The road to Exxon’s long-awaited stock buybacks is paved with billions in asset sales

FAN Editor

Exxon Mobil‘s plan to sell billions of dollars in assets may pave the way for the company to return cash to stockholders through a long-awaited share buyback program, says Chairman and CEO Darren Woods.

On Wednesday, the energy giant forecast it could generate $15 billion in cash through 2025 by selling assets. Woods say the company expects some of that cash will go towards repurchasing stock from shareholders.

But today, the company’s main priority is reinvesting in its business and replenishing its oil and natural gas reserves.

“We’ve got a balance sheet that allows us to continue to do that, and so we’ve looked at our balance sheet, our objectives to grow dividends … and to maintain a strong balance sheet,” he said in an interview with CNBC’s Becky Quick.

“We can do all that in a pretty wide range of price environments, so the additional money coming in from divestments we can use for buybacks.”

Exxon is reviewing its global portfolio for divestment opportunities, and will prune assets that don’t fit its strategic priorities, says Woods. The company will also look for tactical opportunities to offload assets at good value, he added.

But it remains unclear when the divestments will give way to share repurchases, and some investors appear to be growing impatient. Exxon saw its stock price slump on Wednesday, despite the company issuing improved guidance for profits and cash flow during its annual investor day.

Analysts say one reason for the pullback is disappointment that Exxon did not launch a buyback program, even as its peers have begun enriching investors by once again repurchasing stock.

“Exxon has been the only supermajor in recent quarters without an active buyback program,” said Raymond James equity analyst Pavel Molchanov.

“Interestingly enough, a decade ago this company had the largest buyback amounts in the entire S&P 500.”

Exxon spent about $210 billion on share buybacks over a decade before halting share repurchases three years ago, except to offset dilution. Now, Exxon has fallen behind its peers like Chevron, Royal Dutch Shell and BP, who have all restarted their share buyback programs following the punishing 2014-2016 oil price downturn.

Pressed on the buyback issue, Woods said Exxon remains focused on generating value for shareholders over the short- and long-term, and in the current cycle, that means investing while others are pulling back spending.
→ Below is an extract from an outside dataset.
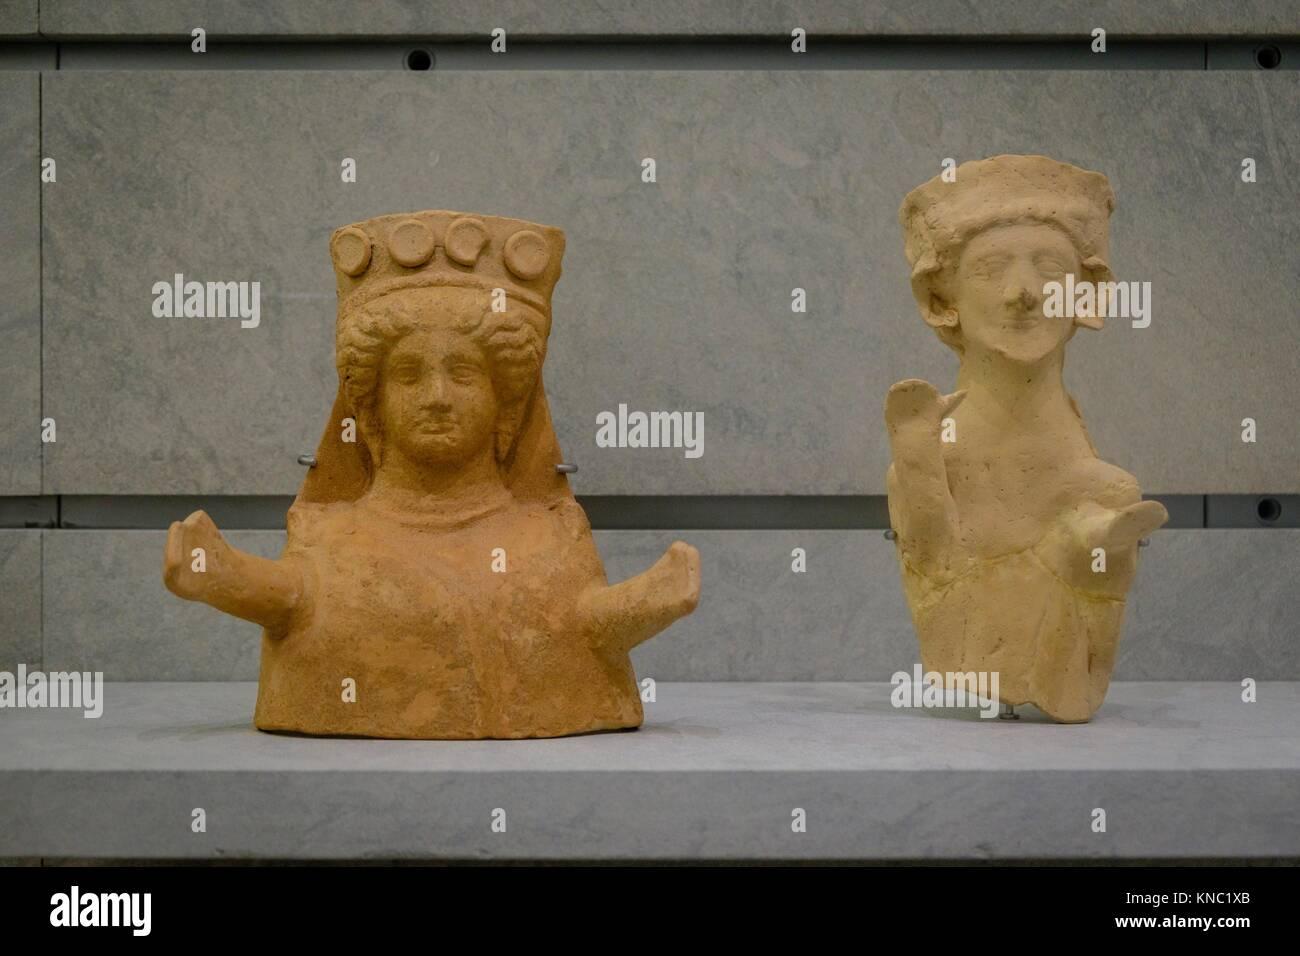 Male figure and female bust, 450-425 b.C., Ibiza and Formentera Archeological Museum, Patrimonio de la Humanidad - Stock Image

The most exciting part of the multi-year road map Exxon revealed on Wednesday is the opportunities executives have identified to build on last year’s long-term plan, Woods said. That plan called for doubling earnings in Exxon’s chemicals and refining segments and tripling profit in its business producing oil and gas by 2025.

By spending another $4 billion between 2019-2025, Exxon believes it can improve net present value by $40 billion, drum up $9 billion of extra earnings and $24 billion of added cash flow during the period.

“The projects that we put into the portfolio have very good returns, are accretive and are advantaged versus the rest of the competition,” Woods said.

“What we’ve found over time as we’re talking to investors is they like the plan.”